I just want to laugh at a trailer and now I’m threatened with perjury?
Apparently its a Digital Millennium Copyright Act and I could be breaking the law for doing a screen capture?
Are you confused?
Don’t be.
Let’s help you Know a Little more about the DMCA.
Since the Internet became more than just something university IT experts used, worries about copyright violations on the internet have existed.
Digital content is infinitely copyable and the internet makes it infinitely transferable. That’s a nightmare for businesses built on physical limitations to copying, like music, movies and others.
To extend these older business models onto the internet, companies use digital rights management or DRM. This is a name for varying ways of trying to lock up content so that only a user who is authorized to view it can. It’s an attempt to make it not be infinitely copyable. DRM is tricky though because you have to balance access for the person who does have the right– like a paying customer– with denying access to anyone who doesn’t. Those are cross-purposes. If you leave a door open for authorized viewers, eventually unauthorized viewers will figure a way into it.
So the industry quickly turned to the law, and we get the Digital Millennium Copyright Act. Or DMCA. While this is only a law in the US, it affects anyone who publishes content in the US, such as on YouTube and has provided a model for laws like it around the world.
The problem it solves is that no matter what digital locks you put on a file, someone can figure out a way to break them. So the law fixes this by making it illegal to break them.
That’s one of the main misunderstandings about the DMCA. It doesn’t just make unauthorized access illegal. That was already illegal under copyright law. It makes circumventing access protections illegal, punishable by fines and imprisonment.
Copyright holders can seek up to $2,500 per violation, or statutory damages up to $25,000. Repeat offenders can face more. If you are accused of willfully violating the DMCA for personal or commercial financial gain, you can be tried as a criminal offender. A first-time criminal DMCA violator can face a fine of up to $500,000, up to five years in jail, or both. Repeat offenders can be fined up to a million dollars and up to ten years in prison.

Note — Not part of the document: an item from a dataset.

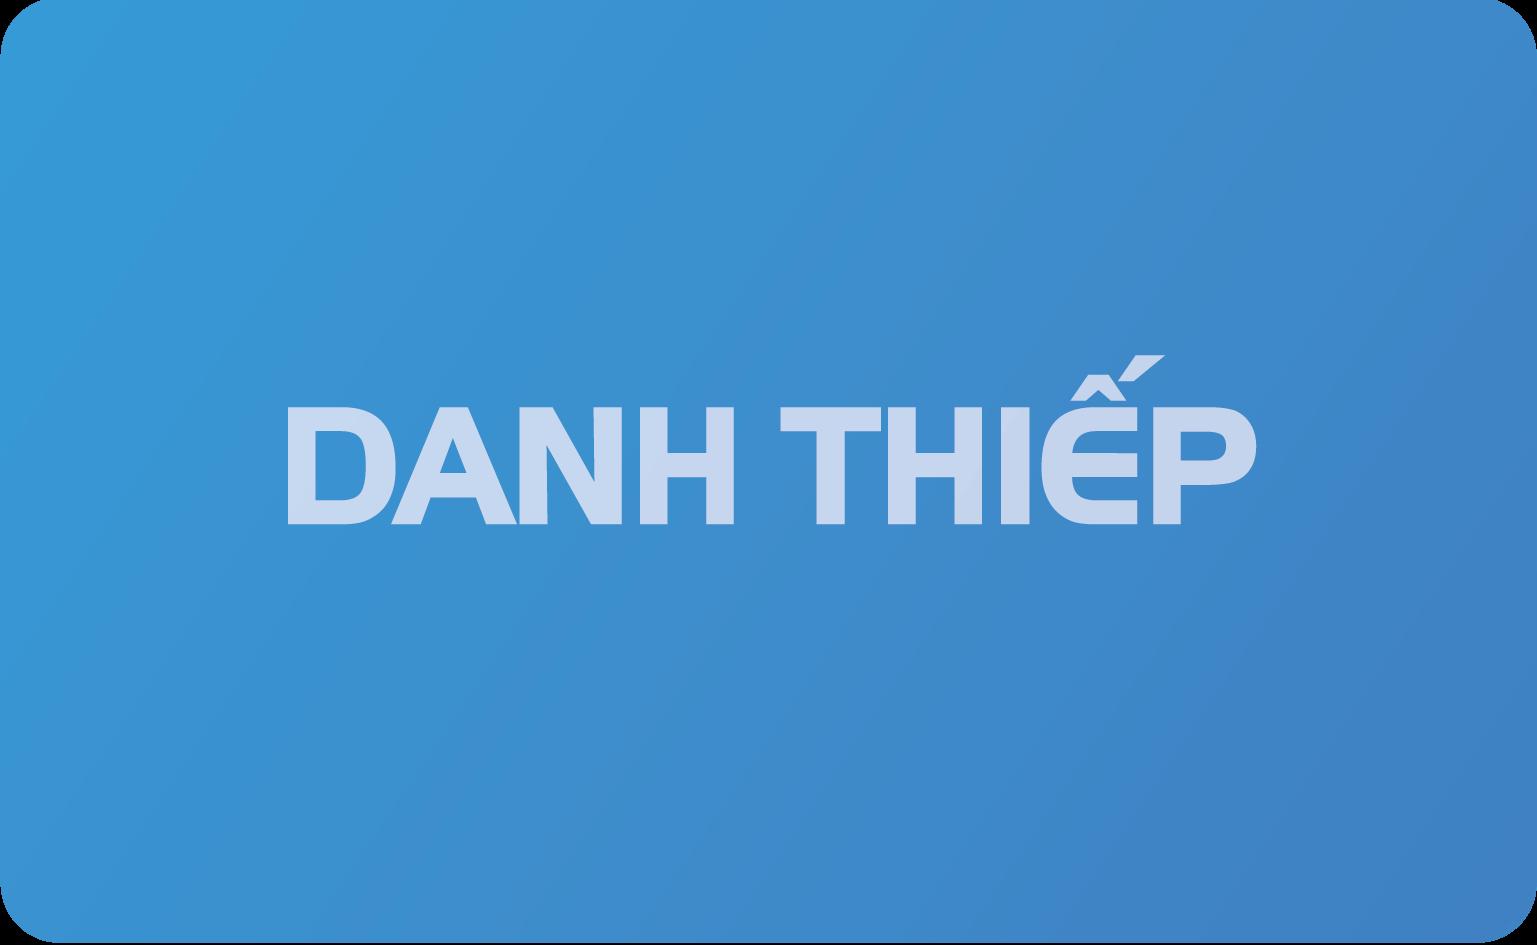 danh-thiep

Screen capturing is a circumvention of the DMCA in some cases. Keep that in mind.
The DMCA was passed as an amendment to the US Copyright Act in 1998. It implemented two 1996 treaties of the World Intellectual Property Organization.
It makes it illegal to produce or disseminate (even if you give them away free) any device or service INTENDED to circumvent measures that control access to copyrighted works. Courts decide whether a device or service is intended to do this. Because you know, computers can do this, but it’s not their sole intention. And that’s why screen-capturing software is not just illegal.
The other aspect of the DMCA is it makes it illegal to circumvent access control EVEN IF copyright is not infringed. Yep. If you have a fair use for something, like making a backup of a DVD, it is illegal under the DMCA to circumvent copyright protection in order to make fair use of that backup. The DMCA includes some limited exemptions such as for security research and government research but they are few.
Now if you’re saying hold on I thought they changed that and made DVD copying legal. We’ll get to that later but yes and no.
There are a couple more aspects of this to keep in mind. One, is that the United States Copyright Office ( part of the Library of Congress) was given the power to create (and get rid of) further exemptions to the DMCA. So it can restore fair uses on a case by case basis. More on that later.
And then there’s a safe harbor for platforms. Online Service Providers, which includes platforms like YouTube and Facebook– are exempt from liability for their users copyright infringement as long as they follow certain procedures. Platforms keep their safe harbor by promptly blocking access to infringing material once they are notified of an infringement claim. This called the “notice and takedown” process. It also provides for a counter notification from a user who claims the material is not infringing.
There’s also an exemption for a repair person who makes limited copies solely for the purpose of repairing a machine. In other words, imaging a drive to restore it on a replacement drive doesn’t violate the DMCA. There are also some provisions for distance education, ephemeral copies made in the process of broadcasting and more.
DMCA’s Title V is my favorite. Title V provides protection for Boat Hull designs because Boat Hull designs are not covered by copyright as they cannot be separated from their useful function and therefore are better protected by patents than copyright. This section of the DMCA was added in 1998 after the Supreme Court ruled — in Bonito Boats, Inc. v. Thunder Craft Boats, Inc. –that Boat Hulls did not have copyright protection. So, immediately boat manufacturers lobbied congress to add the exemption to the DMCA. As of 2019 there have been 538 applications for registrations for Boat Hull designs under the DMCA, compared to more than 70,000 patents granted.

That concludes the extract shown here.